++++ INPUT DATA ++++

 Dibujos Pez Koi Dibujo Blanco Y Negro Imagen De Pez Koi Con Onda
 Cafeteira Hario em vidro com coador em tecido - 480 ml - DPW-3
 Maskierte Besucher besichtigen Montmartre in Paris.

++++
++++ INPUT DATA ++++

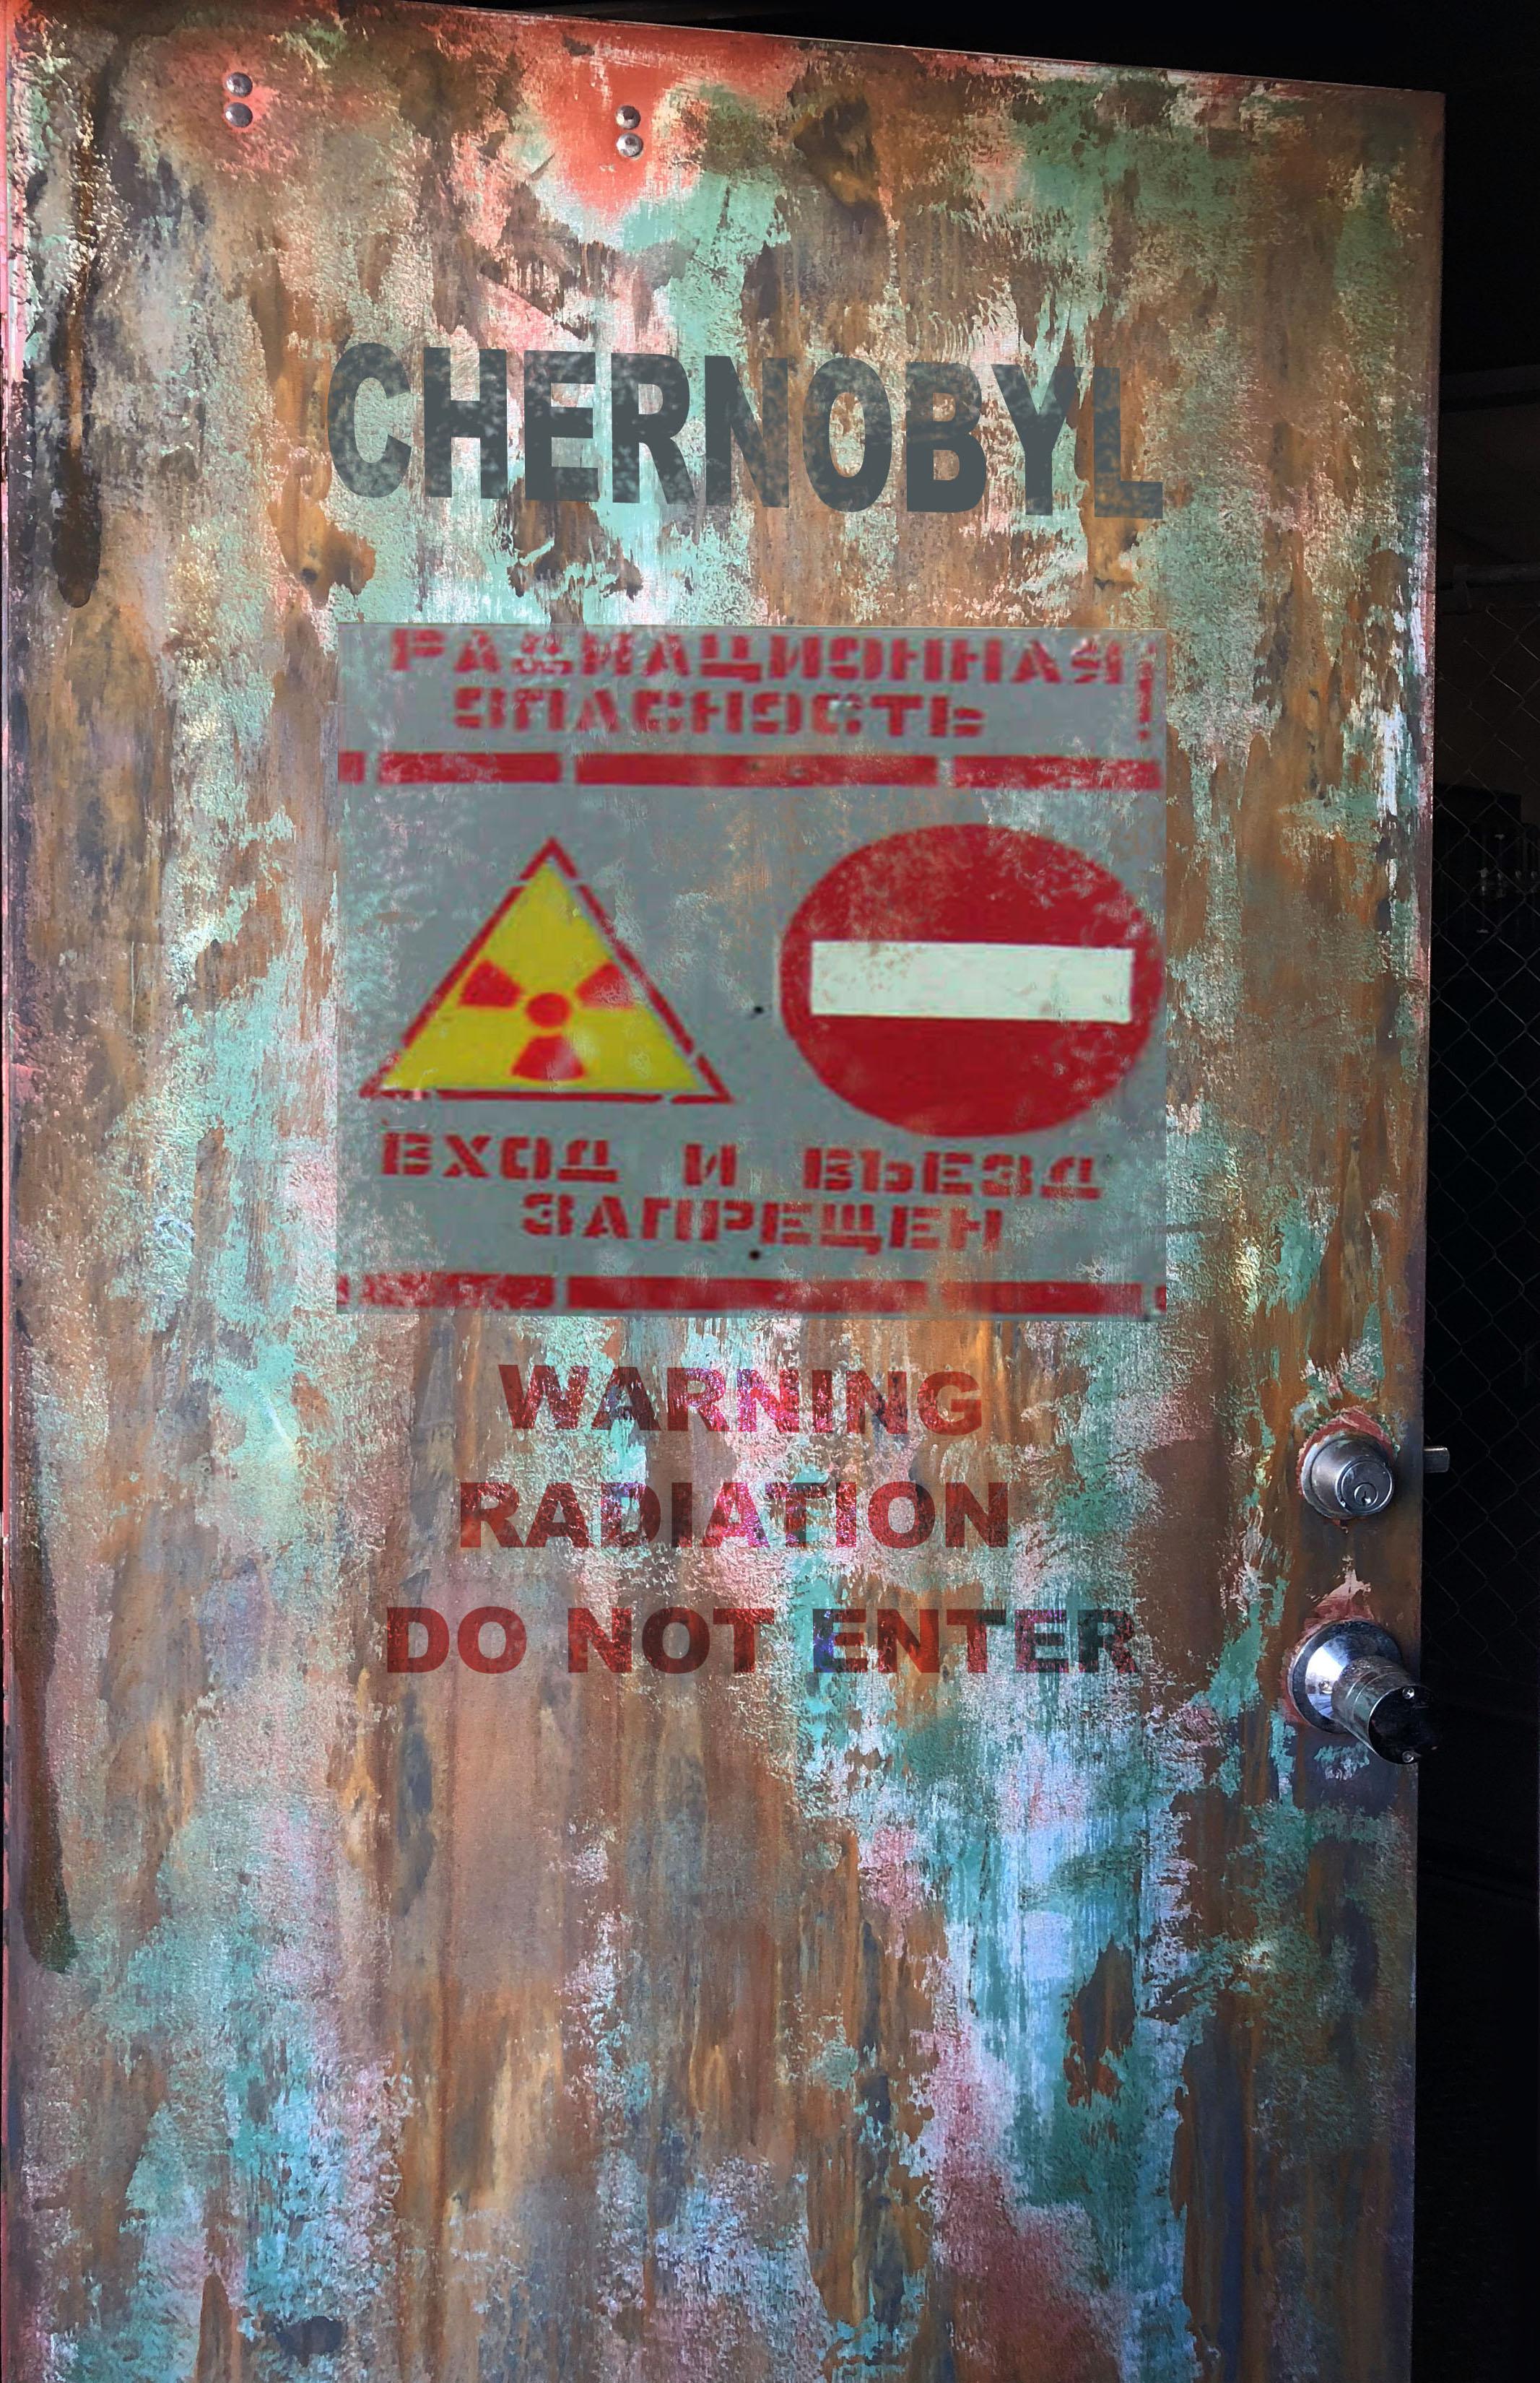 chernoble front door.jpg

++++
++++ INPUT DATA ++++

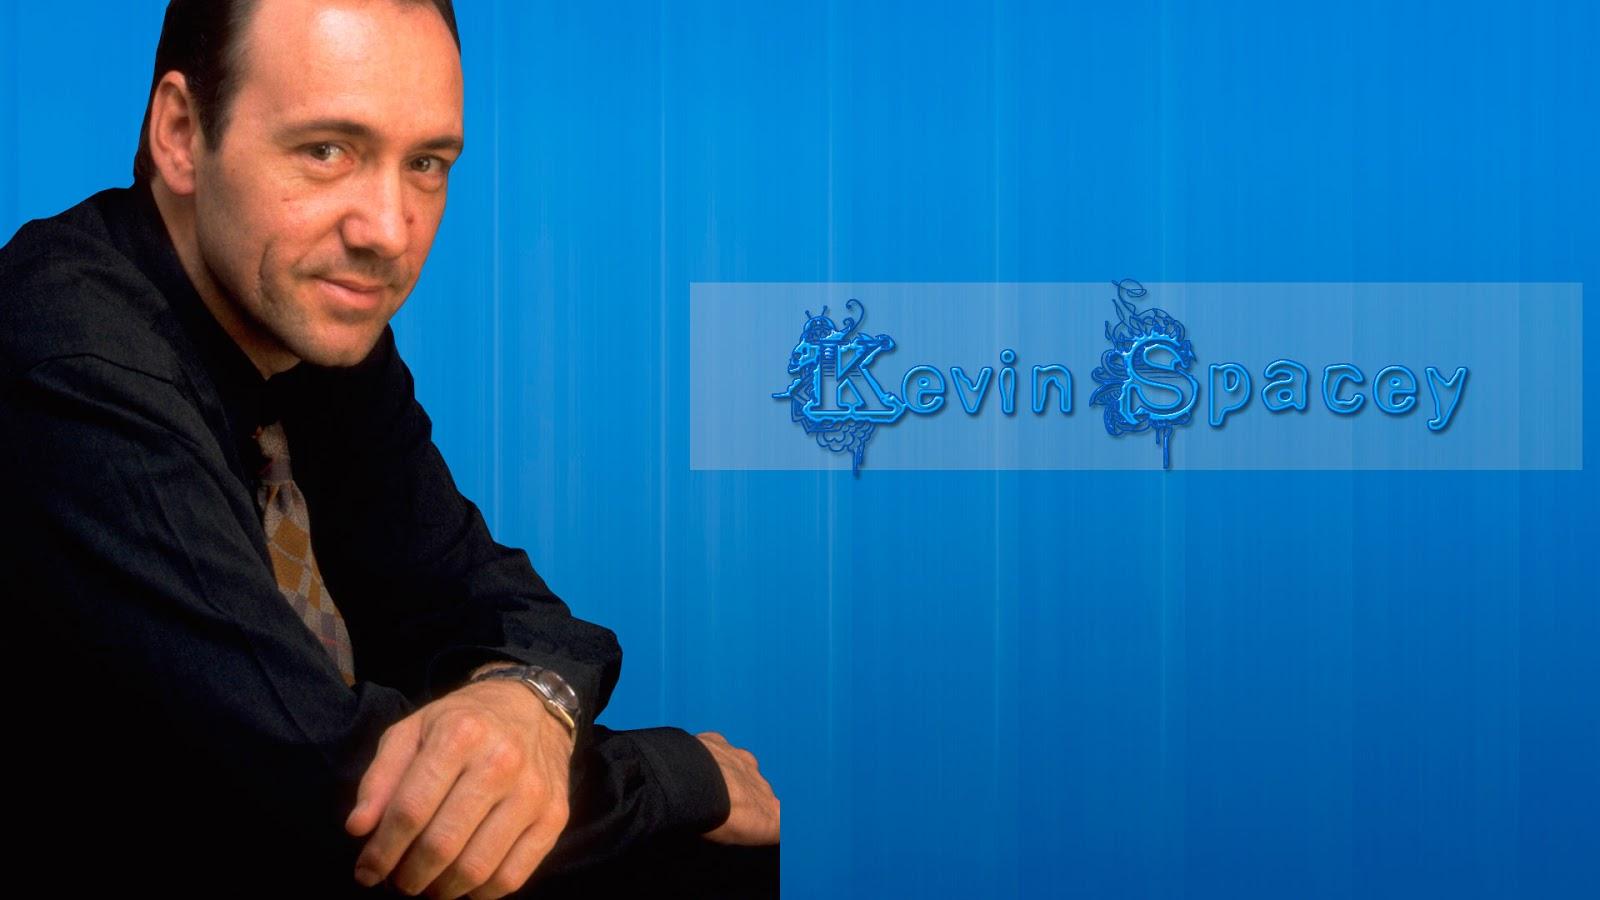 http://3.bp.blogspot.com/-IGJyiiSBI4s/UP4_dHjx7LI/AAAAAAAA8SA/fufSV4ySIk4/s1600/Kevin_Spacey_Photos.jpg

++++

* _YOUR GOAL_
Your task is to restate, word for word, only those lines above that fall between the line holding "Cafeteira Hario em" and the line holding "Maskierte Besucher besichtigen", inclusive.

* _YOUR SOLUTION_
 Cafeteira Hario em vidro com coador em tecido - 480 ml - DPW-3
 Maskierte Besucher besichtigen Montmartre in Paris.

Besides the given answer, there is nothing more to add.